THE DATA:

__________

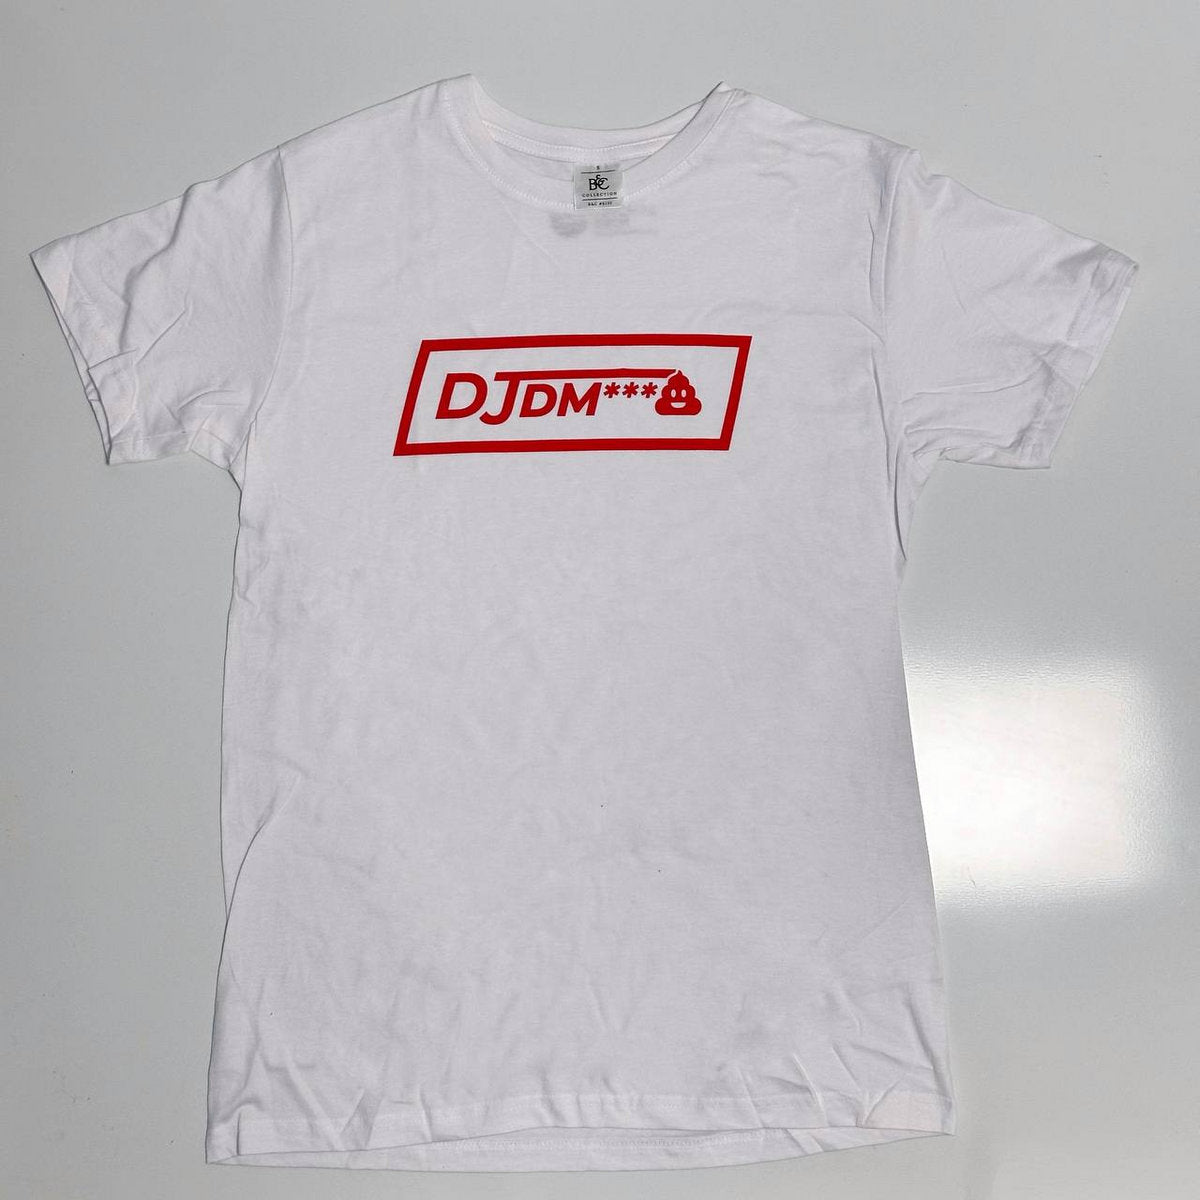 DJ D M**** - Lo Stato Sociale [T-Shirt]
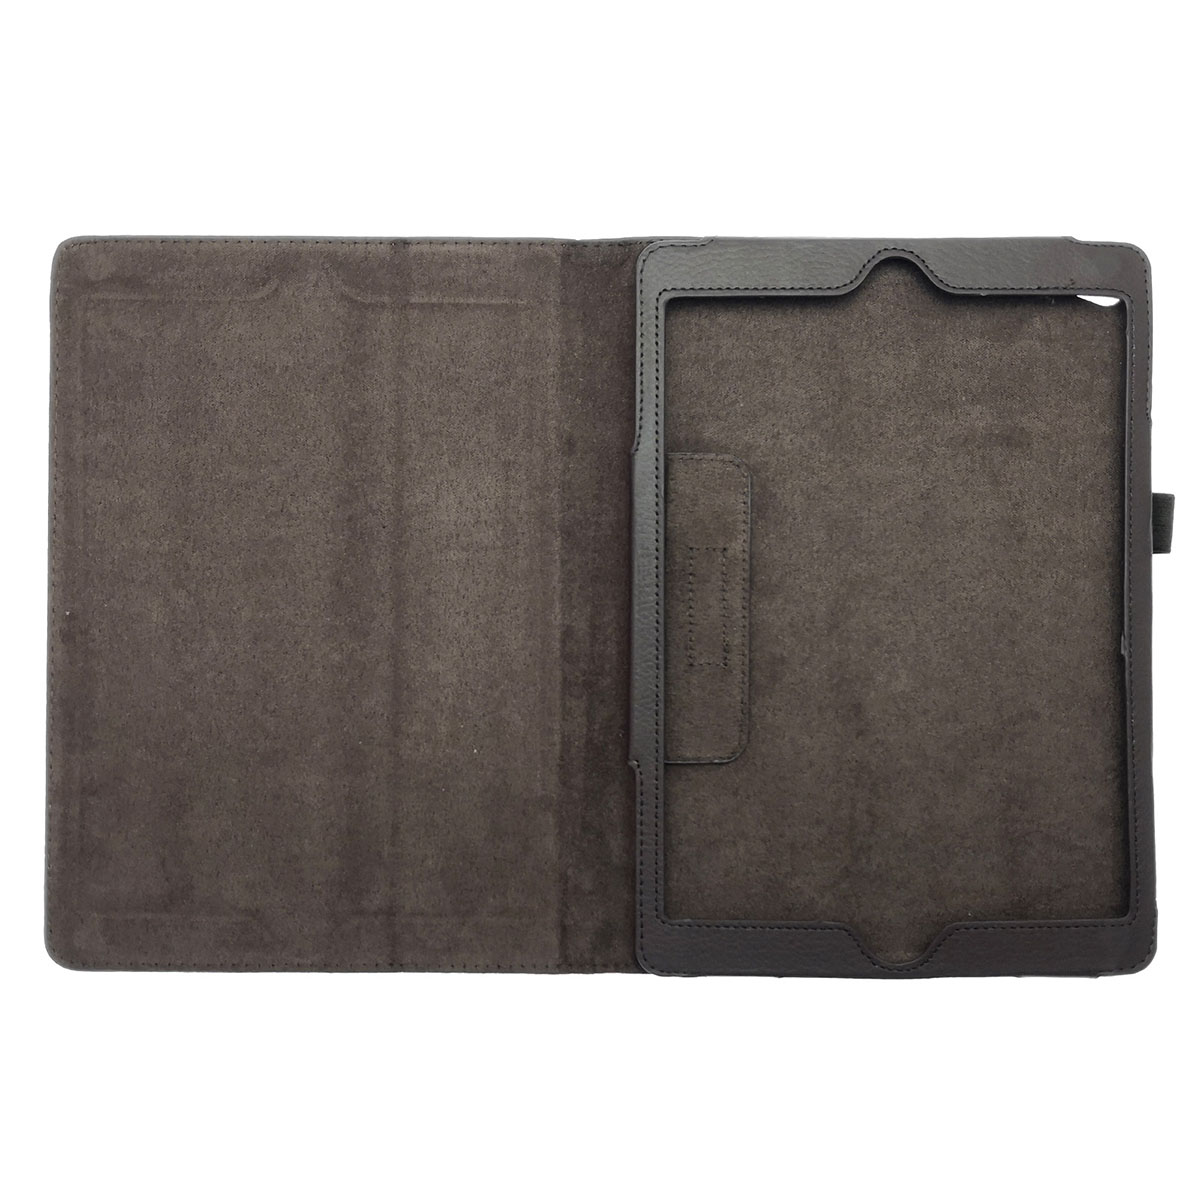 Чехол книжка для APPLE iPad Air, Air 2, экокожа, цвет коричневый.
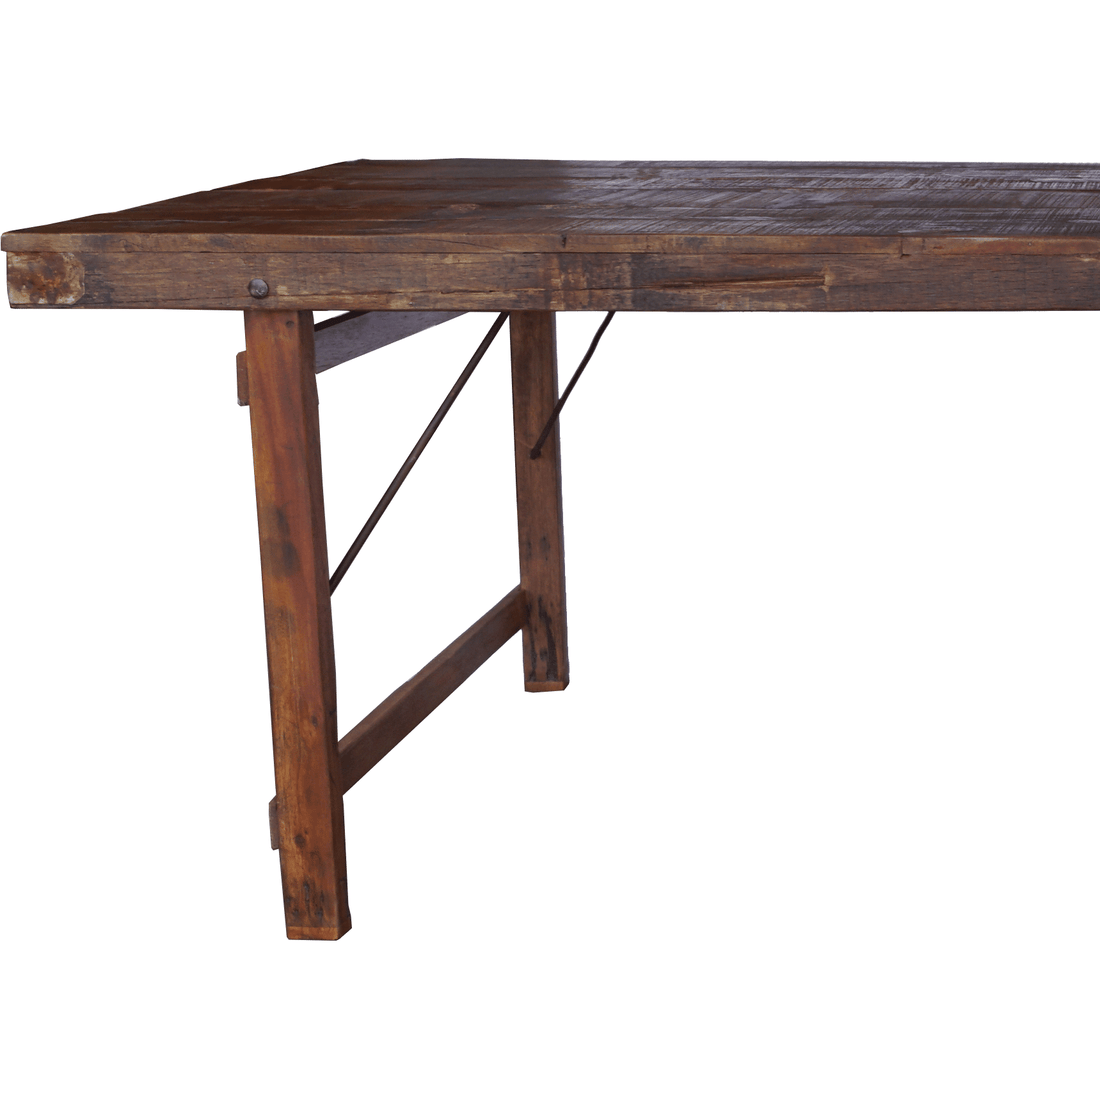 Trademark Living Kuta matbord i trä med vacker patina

__________

WORK TO COMPLETE:
Could you copy the data above exactly, leaving the pictures out?

REPLY TO THE EXERCISE:
 DJ D M**** - Lo Stato Sociale [T-Shirt]
 Чехол книжка для APPLE iPad Air, Air 2, экокожа, цвет коричневый.
 Trademark Living Kuta matbord i trä med vacker patina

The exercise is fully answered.